The complete interview can be found here: http://americanhistory.si.edu/collections/comphist/gates.htm

hydrophilic

That's pretty cool.  I never thought Mr.Gates knew Mr.Pedal.  Thanks for the link!

Do PETs really have a smiley face character?  I know PETSCII on VIC and later do not.

nikoniko

Me thinks Bill is confused. Wasn't it Extended ASCII that had two smiley characters (one light, one dark)? I seem to recall that some text-mode DOS games (eg. Kingdom of Kroz) used them for player characters.

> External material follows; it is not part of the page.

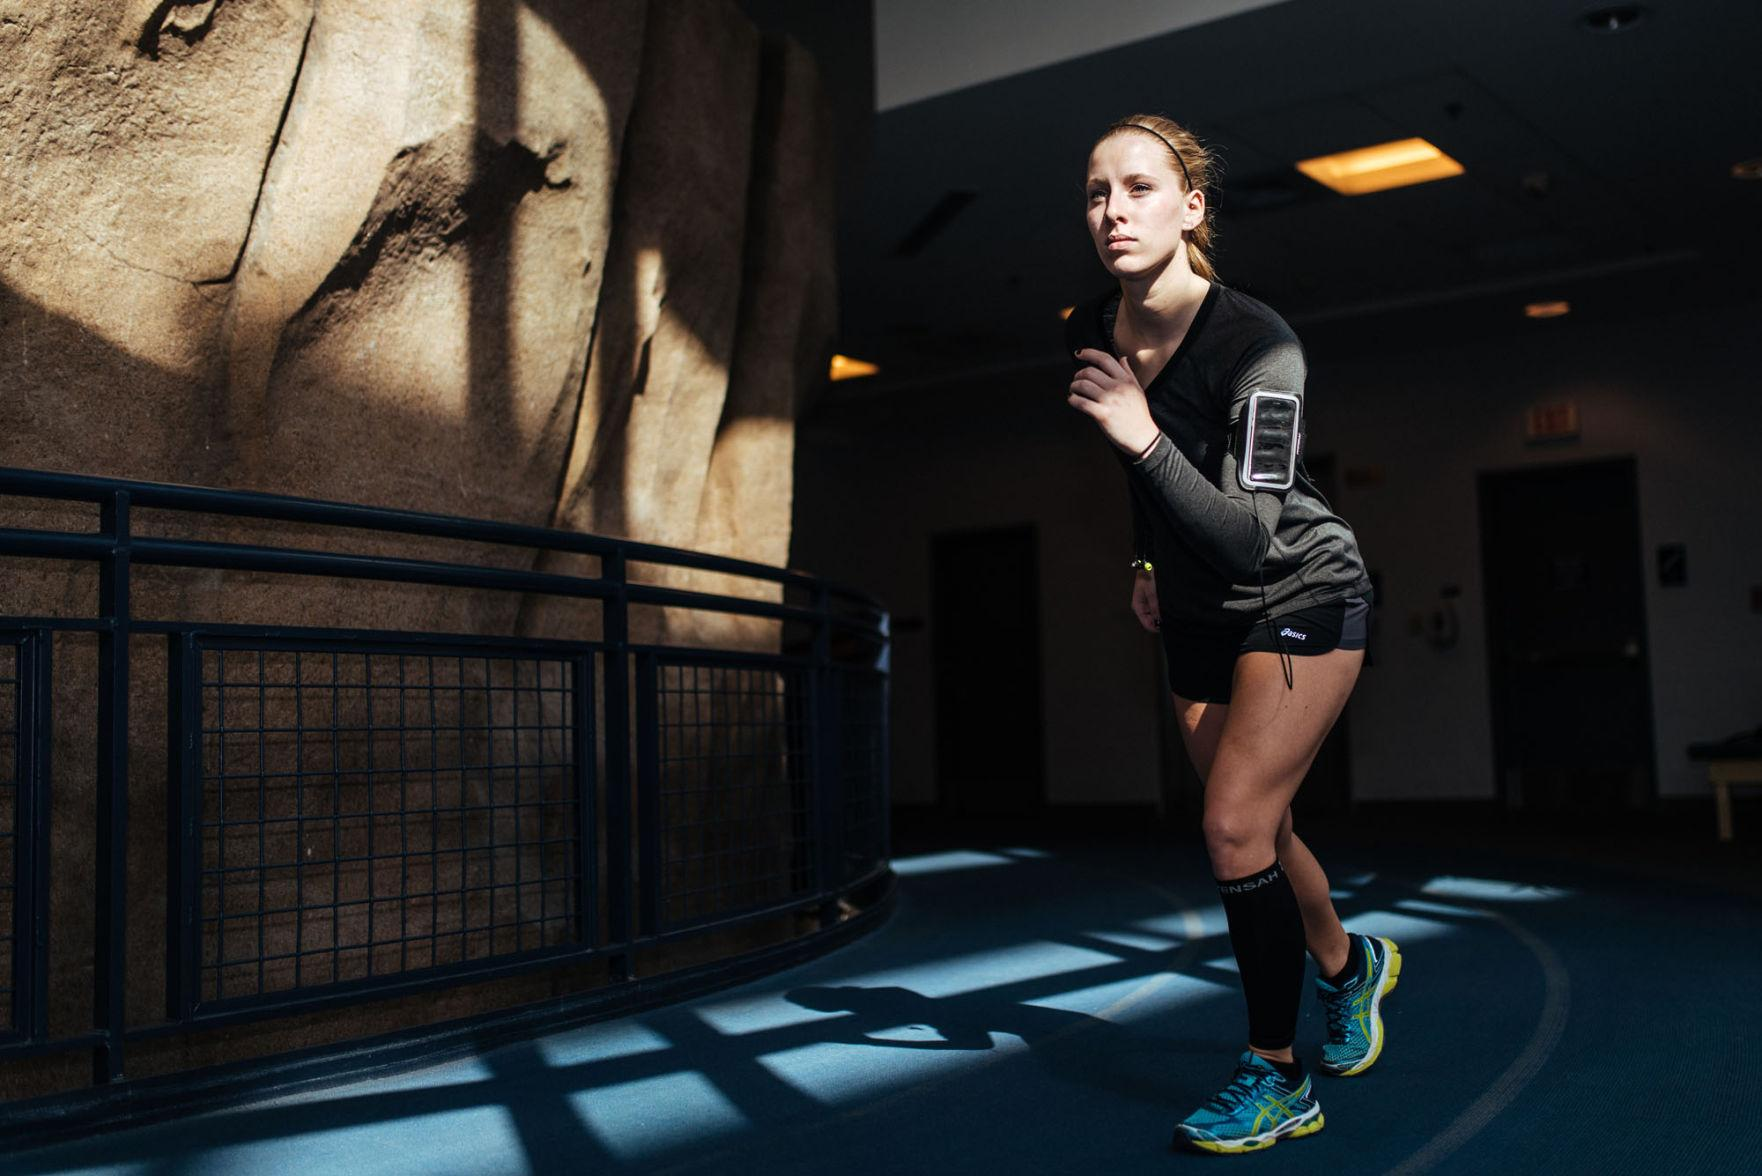 Magdalena Wierzchucki prepares for the Christie Clinic Illinois Marathon in April.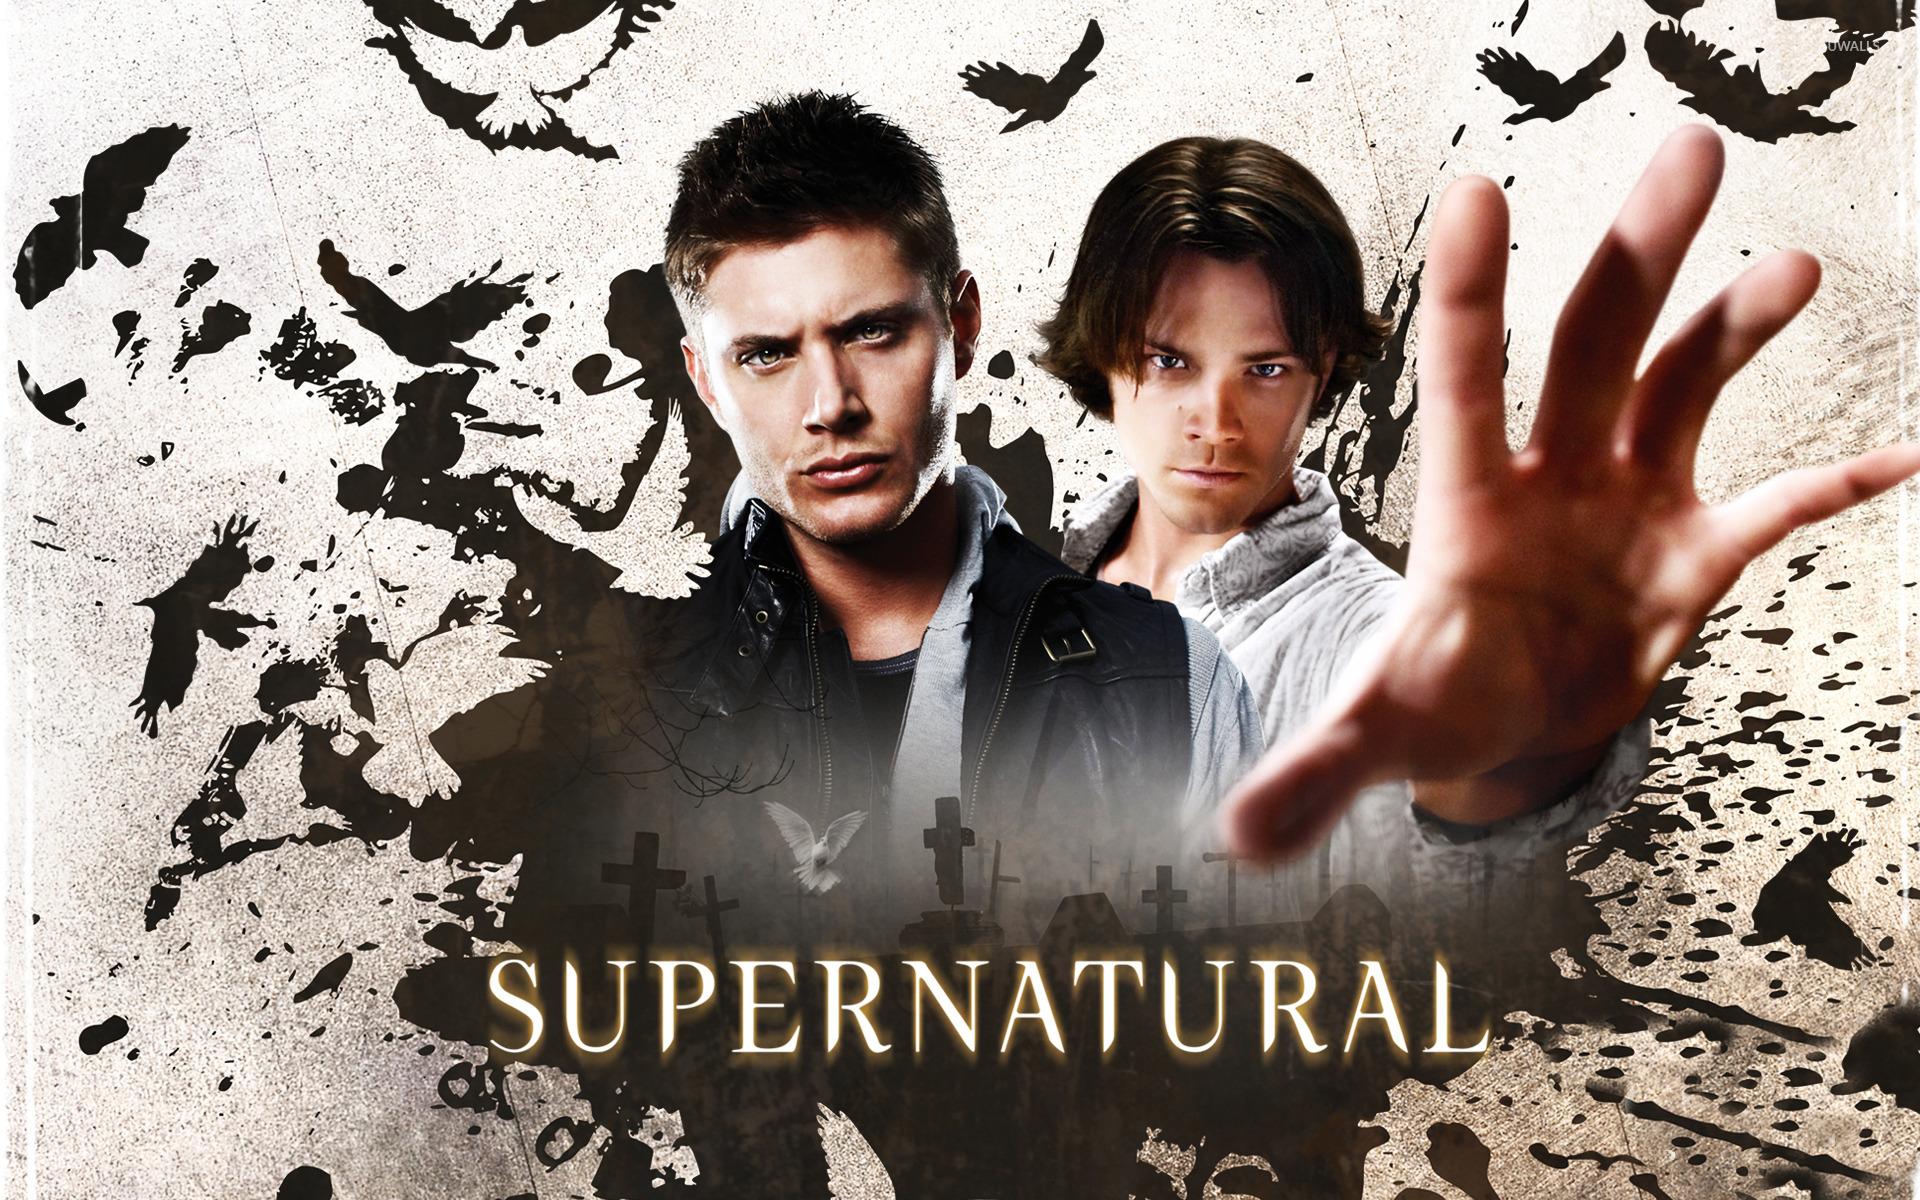 Supernatural 8 wallpaper tv show wallpapers 15005 supernatural 8 wallpaper voltagebd Image collections

And since when is baud a unit of storage rather than symbol transmission rate?

Andrew Wiskow

Quote from: nikonikoAnd since when is baud a unit of storage rather than symbol transmission rate?
I was wondering the same thing!  :/

-Andrew
Cottonwood BBS & Cottonwood II
http://cottonwood.servebbs.com

Guest

Quote from: wiskow
Quote from: nikonikoAnd since when is baud a unit of storage rather than symbol transmission rate?
I was wondering the same thing!  :/

-Andrew
When the storage of cassette tapes is directly tied to the length of the tape, and tapes varied wildly in length back then.  With reel-to-reel, you literally didn't know how much tape you had other than taking a guess by looking at a completely wound reel, but even then you had to know the thickness of the tape to know how much was actually there.

nikoniko

But doesn't baud always refer to symbol rate? Wikipedia's description pretty much sums up how I've always understood it, but my understanding may be too narrow:

QuoteSymbol rate is measured in symbols-per-second, hertz (Hz), or baud (Bd).

The term baud rate is synonymous with symbol rate, but is less frequently used today as it has in the past been commonly misused to mean bit rate or data rate.

The symbol rate of a signal can be directly measured using a oscilloscope (in the time domain, measuring the time between transitions) or a spectrometer (in the frequency domain, measuring the bandwidth).
The only sense in which I could see 1200 baud expressing an amount of storage would be if it referred to exactly 1 second of cassette tape. Does cassette transfer use 1 bit symbols or 1 byte or what? If 1 bit, were there really cassettes with such little storage (150 bytes per side)? For so few bytes of space, it might have been reasonable for a hobbyist to save the expense of tapes and just reenter machine code by hand whenever a different routine was needed. Or could you load multiple tapes in succession? If so, that might not have been so bad. Again, if a symbol is 1 bit, a 1K program could have fit on a few tapes if using both sides. I guess that's no worse than some of the disk swapping nightmares that would come later.